Q. : Dans la perspective de la zone de libre-échange, quel rôle possible voyez-vous pour le Maroc dans la région ?

R. : L'émergence de cette zone de libre-échange ne constitue pas un objectif immédiat. Elle sera progressivement mise en place, sur douze années environ : il faut laisser le temps de se préparer aux industries et aux entrepreneurs marocains. L'accord d'association devrait être appliqué dès le 1er janvier 1997, avec un délai supplémentaire de trois ans s'agissant du démantèlement tarifaire. Je suis convaincu que le Maroc jouera un rôle important dans cette construction, car il bénéficie de très grands atouts, à commencer par son choix, dès l'indépendance, de l'économie de marché, et depuis 1990, d'une libéralisation accrue. Le Maroc offre aujourd'hui toutes les garanties du succès économique : la Bourse de Casablanca est la deuxième d'Afrique, un nouveau code des investissements offre un cadre juridique rénové, de grands groupes africains et mondiaux se sont installés au Maroc. Je crois de plus qu'il dispose d'un véritable avantage comparatif dans le domaine agricole et agro-alimentaire.

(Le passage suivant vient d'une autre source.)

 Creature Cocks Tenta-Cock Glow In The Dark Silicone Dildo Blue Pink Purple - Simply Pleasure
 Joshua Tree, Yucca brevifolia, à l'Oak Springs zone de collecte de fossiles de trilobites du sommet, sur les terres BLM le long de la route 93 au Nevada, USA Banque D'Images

Q. : Après la signature de l'accord de partenariat avec l'Union européenne, quels sont les créneaux dans lequel les produits peuvent gagner des parts de marché en France ?

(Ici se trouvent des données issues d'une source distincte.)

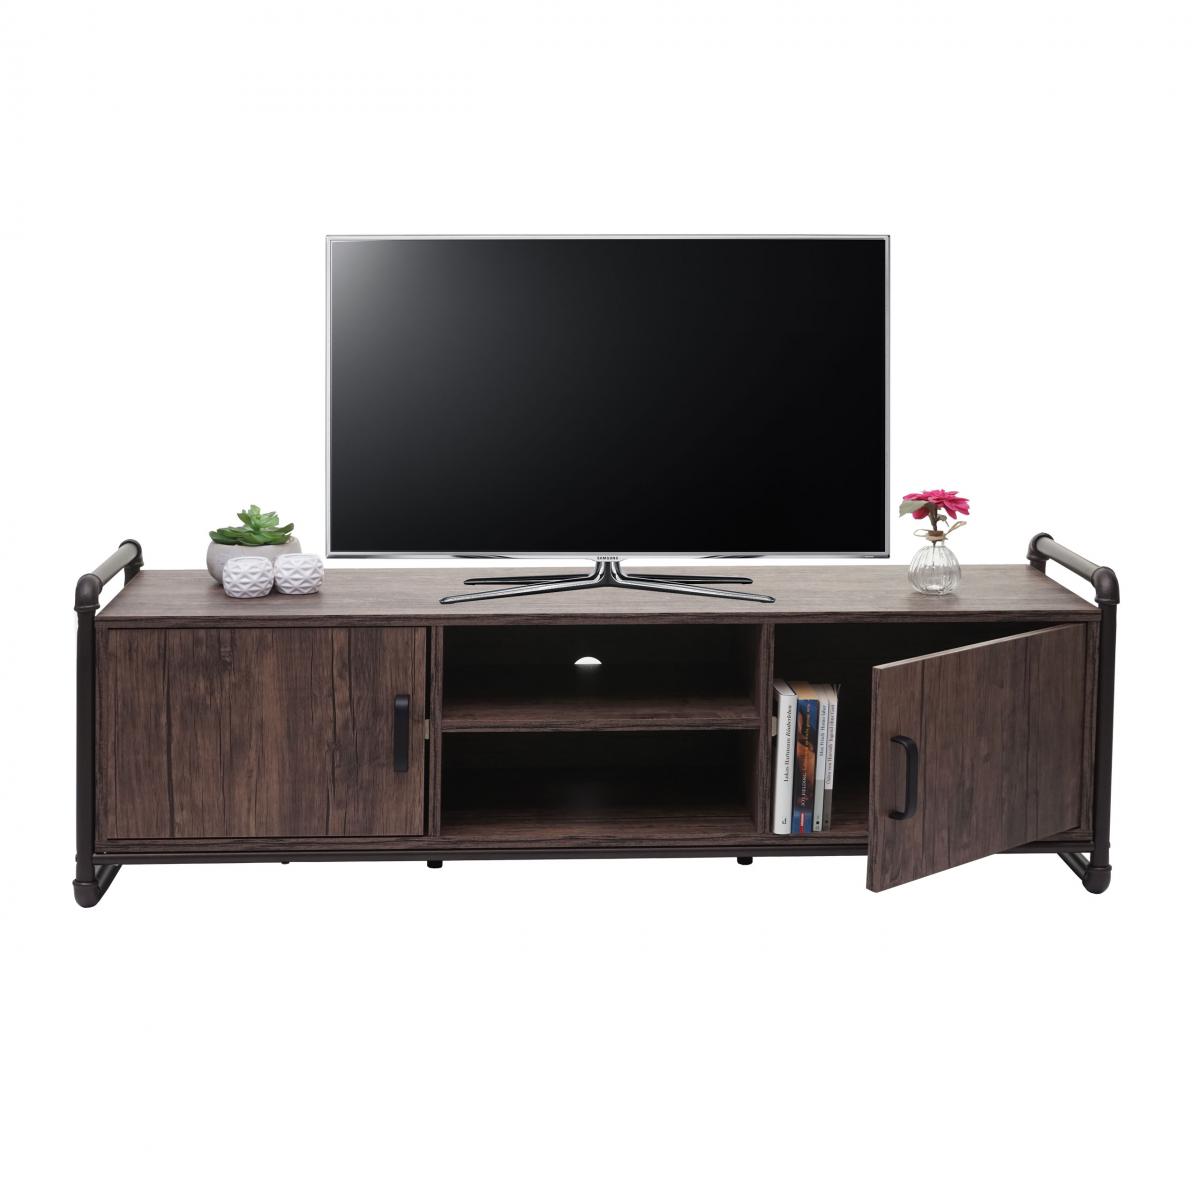 Mendler - Meuble TV HWC-F58, table basse TV, compartiment de rangement structure 3D design industriel marron 45x140x40cm - Meubles TV, Hi-Fi

R. : L'accord d'association prévoit un maintien, voire une certaine amélioration des régimes d'accès préférentiels au marché communautaire de produits importants pour le Maroc : fruits, légumes, fleurs coupées, par exemple. Bien sûr, la contrepartie de ce partenariat sera une compétition plus rude, notamment dans le secteur industriel, qui n'est pas pour l'instant l'un des points forts de l'économie marocaine. Je pense néanmoins que des activités comme le textile, le transport maritime ou l'exploitation des phosphates, qui sont déjà très compétitives, devraient accroître leurs parts de marché en Europe, et en France en particulier.